Алешка принес воды в консервной банке. За дорогу он научился говорить грубым голосом.

– Мать, пойдем в станицу пешие.

– Сейчас, сынок, посижу.

– Мишка, – сказал он, с удовольствием топчась босыми ногами по теплой траве, – пойдем кузнечиков ловить.

У Мишки задорно заблестели глаза, не поднимая головы с мамкиных колен – улыбнулся морщинками:

– Ну, пойдем…

– Успеешь, наловишь, – проговорила Марья, – их тут много. Лучше вон до телеги добеги, может добрые люди подвезут.

По песчаной дороге, правя сытой гнедой лошадью, ехала, стоя в телеге, широкоплечая девушка в линялом, очипком повязанном, платке, ветер отдувал ее заплатанную юбку. Алешка догнал ее: «Тетенька, подожди-ка». Девушка натянула вожжи, обернула к Алешке смуглое лицо с темными бровями, с неласковыми пристальными глазами.

– Шесть суток, стоя, ехали, тетенька, не спавши, не емши, у мамки ноги опухли…

– К кому в станицу? – спросила она сурово.

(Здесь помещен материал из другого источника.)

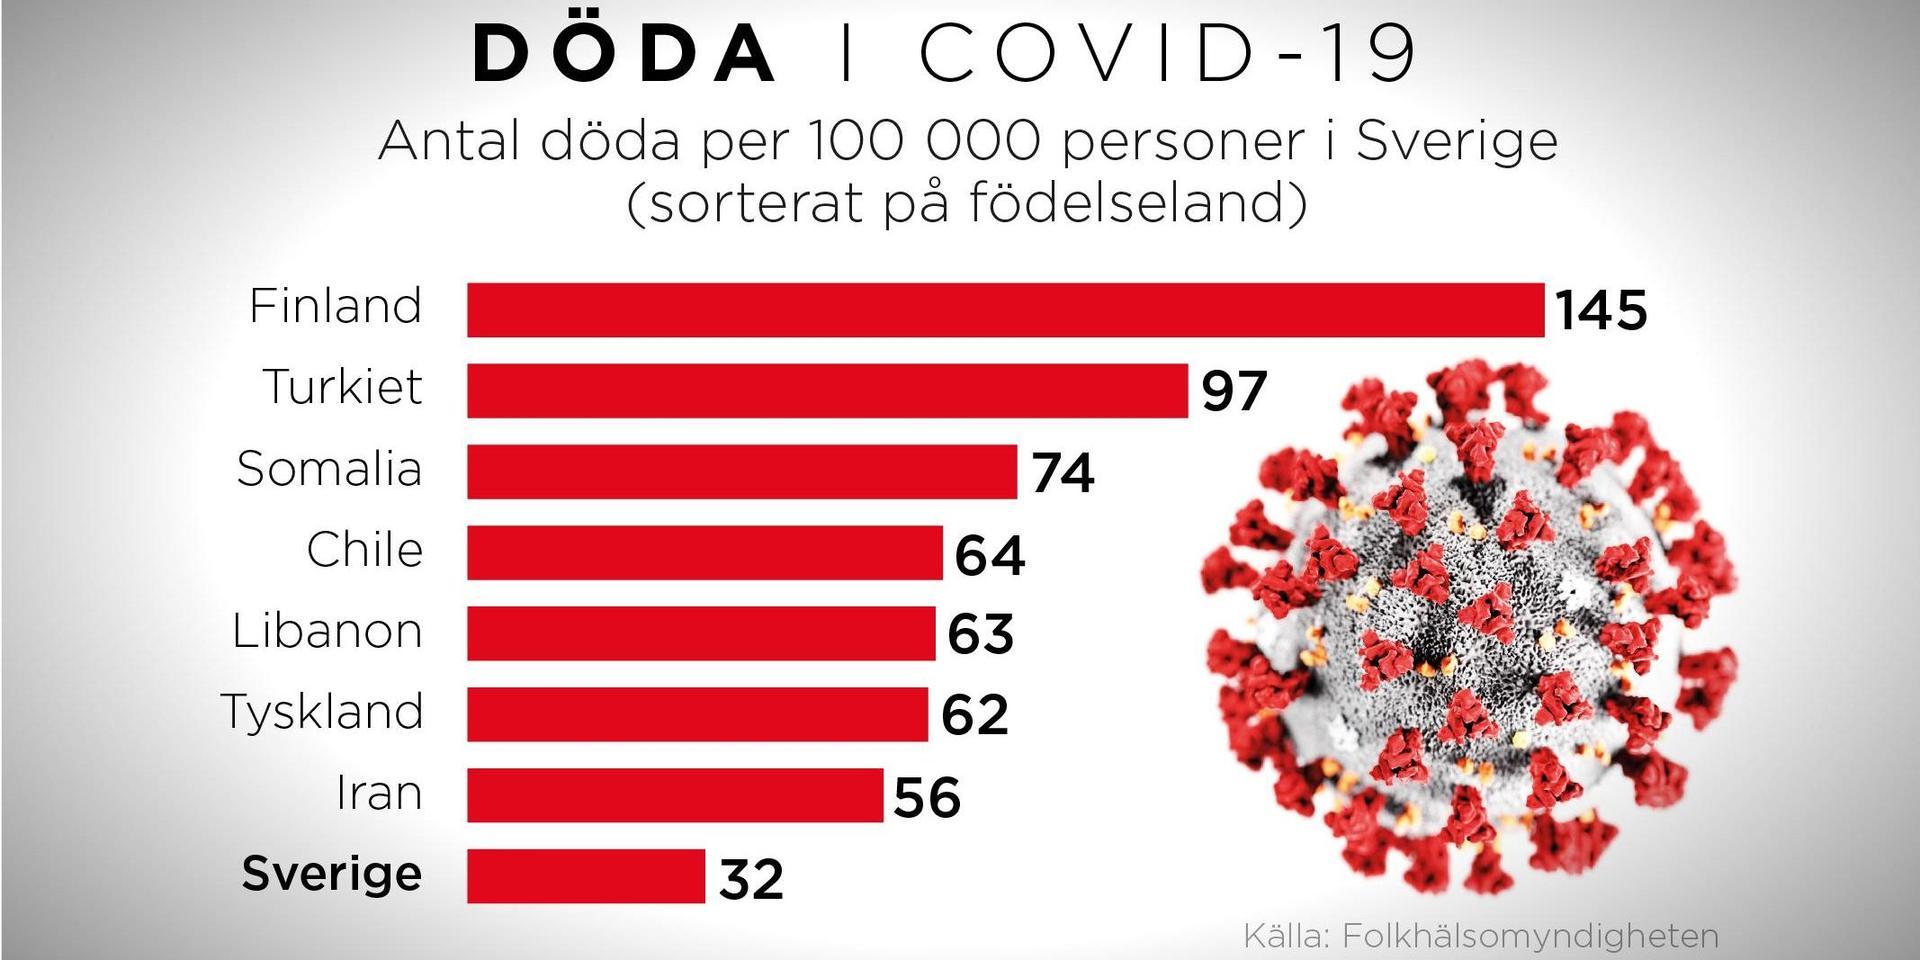 Bland invandrargrupper i Sverige är dödligheten vid bekräftad covid-19 högst för personer födda i Finland, 145 per 100 000 invånare.

– К Степану Горе – Иванову брательнику.

Услышав имя Ивана Горы, девушка изумленно подняла брови, широкое лицо ее осветилось лаской. Кивнула Алешке, чтобы сел в телегу, повернула коня к вокзалу. Соскочила около Марьи, опустила подоткнутую юбку на босые ноги.

– Вещи где?

Марья силилась встать, бормотала, благодарила, – девушка взяла у нее багажную квитанцию. Вещи – тяжелый сундучок и два узла – бегом вынесла с вокзала. Подняла Марью, как ребенка, посадила в телегу на узлы, дала ей на руки Мишку и, не разговаривая, погнала сытую лошадь в станицу. Только, когда Марья спросила: «Как звать тебя, золотая» – ответила с досадой:

– Да Агриппина…

Ехали долго степью, холмами до станицы Чирской. Переехали по мосту извилистую речку Чир, затененную кудрявыми кустарниками. Показались высокие тополя, мазаные, желтые хаты с крепкими воротами. На широкой улице – куры, занятые своим делом у навозных кучек. Над станичным управлением вылинявший кумачовый флаг, на крыльце, прикрыв лицо фуражкой, дремлет человек с винтовкой между ног. Идет горбатая свинья, свесив на рыло грязные уши, за ней рысцой такие же грязные горбатые поросята. Жгло солнце, отсвечивало в пузырчатых стеклах. Проносились стрижи с белой колокольни…

Марья сказала:

– Вот тишина-то, покой…

На это Агриппина, не оборачиваясь, строптиво дернула плечом. Остановилась около кирпичного белого дома в три окошка, с крепкими ставнями. Агриппина спрыгнула с телеги, стала отворять крашенные охрой ворота.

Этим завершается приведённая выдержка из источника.